In practice, however, the idea had turned into a case of too much of a good thing. Chessie and Marylou had found themselves pretty much on call 24/7, which didn’t make Marylou’s husband all that happy, and Chessie was spending entirely too many nights sitting cross-legged on the floor in front of her TV, dealing with trays of sugared almonds and net doilies and tiny little bows and a hot-glue gun.

It was great that Elizabeth had stepped in to replace Eve, and Missy, their teenage part-timer, had shown a remarkable talent for concocting spreadsheets that kept each wedding’s to-do list organized and up-to-date.
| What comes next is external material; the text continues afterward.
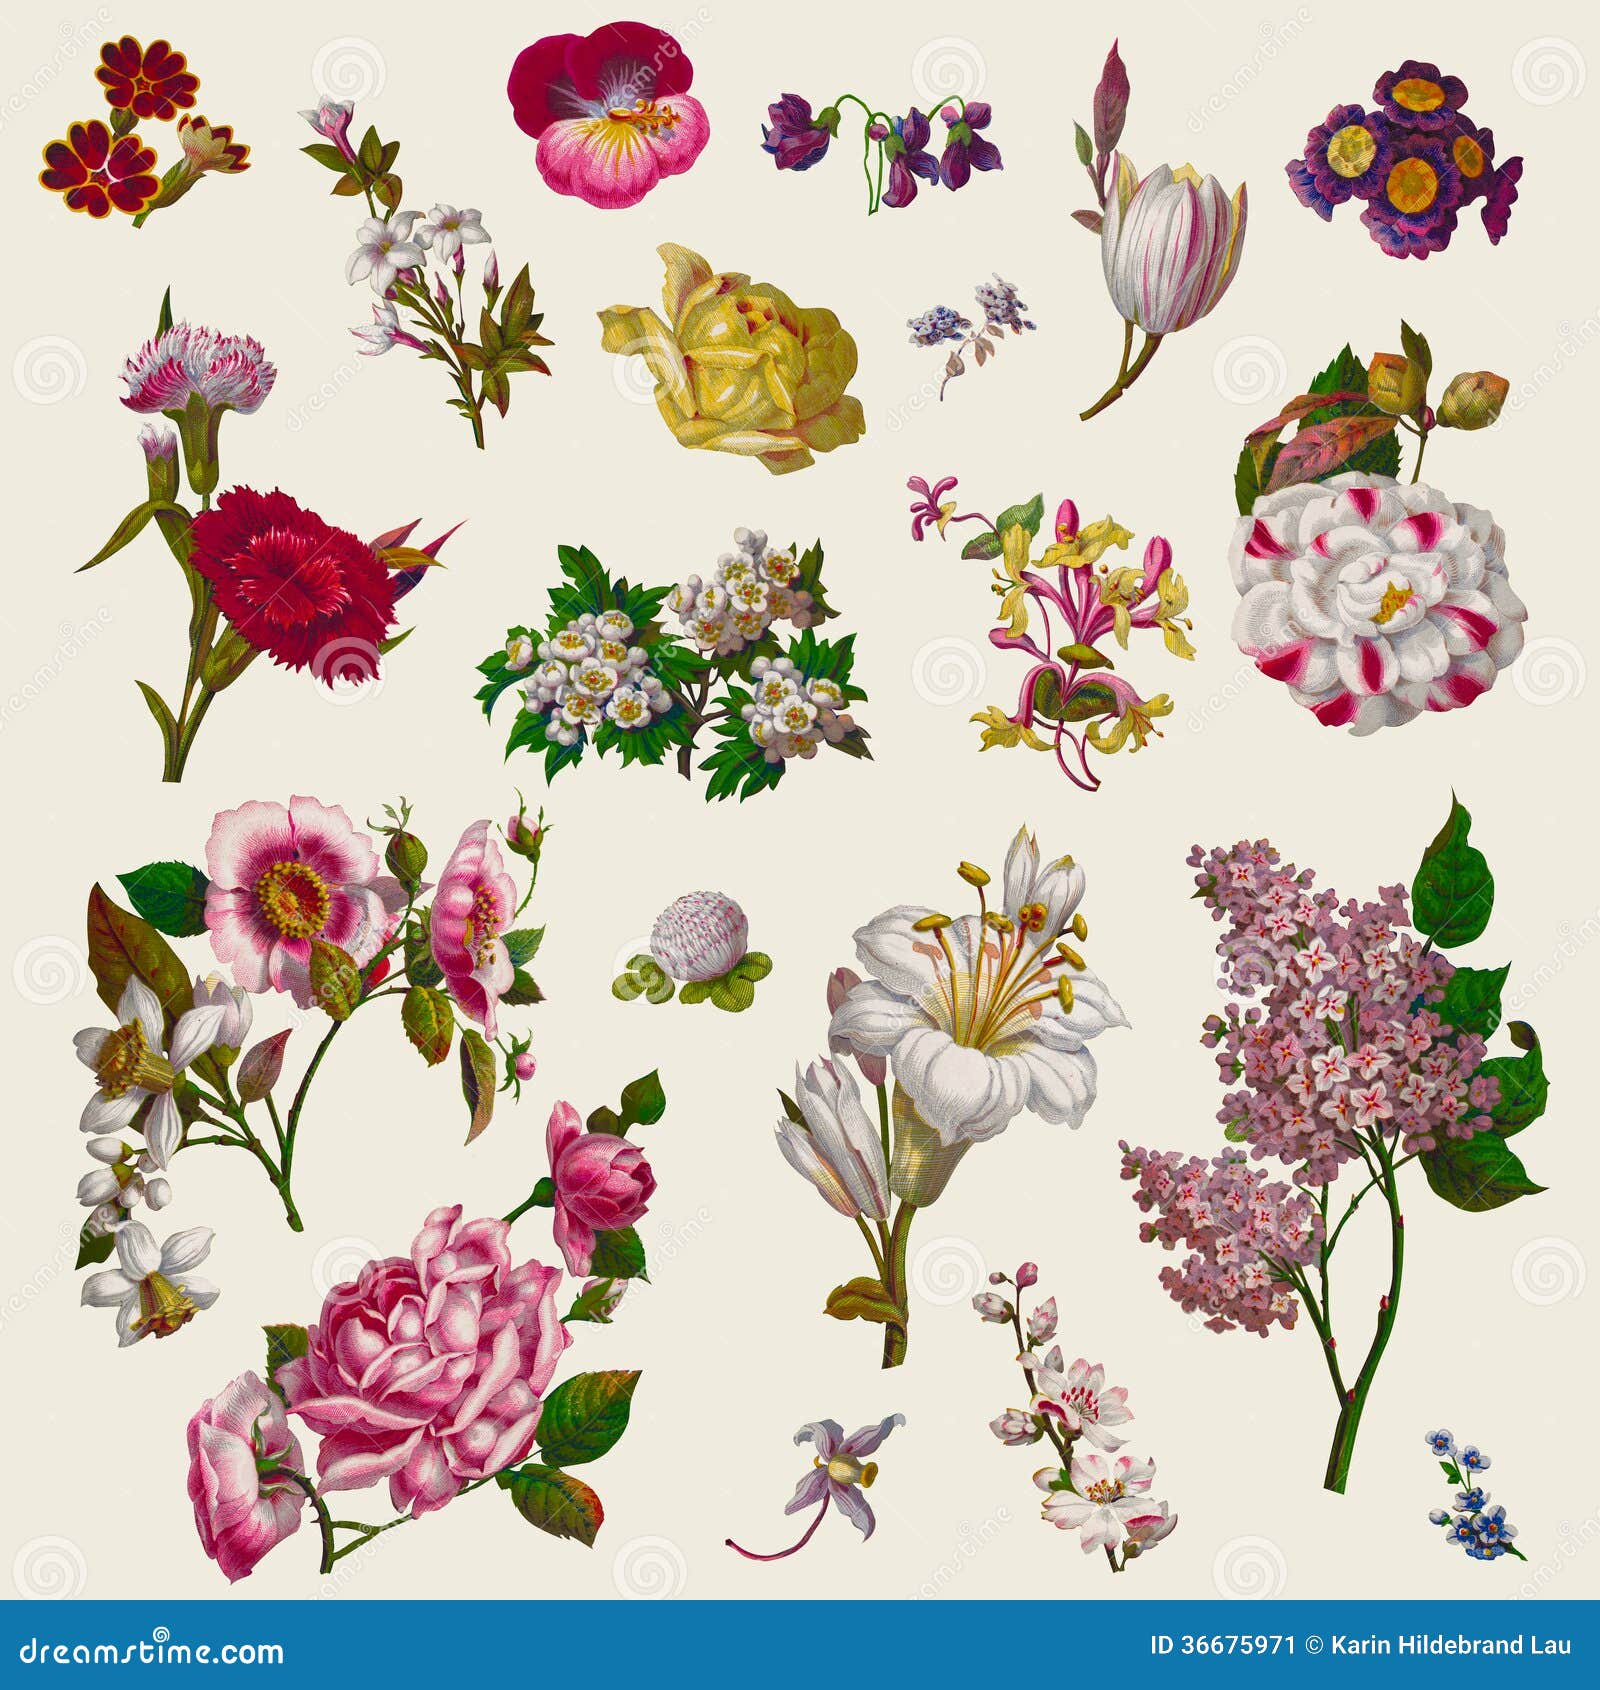 vintage victorian flowers clip art

Berthe, longtime Second Chance Bridal seamstress, had volunteered to help out on the sales floor as well, and Marylou often seemed to be everywhere at once, putting out small fires before they could become conflagrations.

But none of that got the boxes and boxes of supplies out of Chessie’s apartment, her beloved private sanctuary, and she had adamantly refused to relocate somewhere other than the huge Victorian home she had bought and furnished and simply adored.

Chessie waded through the crowded living room, eyeing the boxes holding three new albums of wedding-invitation samples that had arrived a week ago, promising herself she’d unbox them tonight after she’d eaten dinner … if she could find the kitchen. Thank God they were going to start that addition soon, to make a dedicated workspace and also to house all of this stuff.

She paused in the hallway and turned to look at her reflection in the full-length mirror that hung there because she’d hadn’t found any better place for it.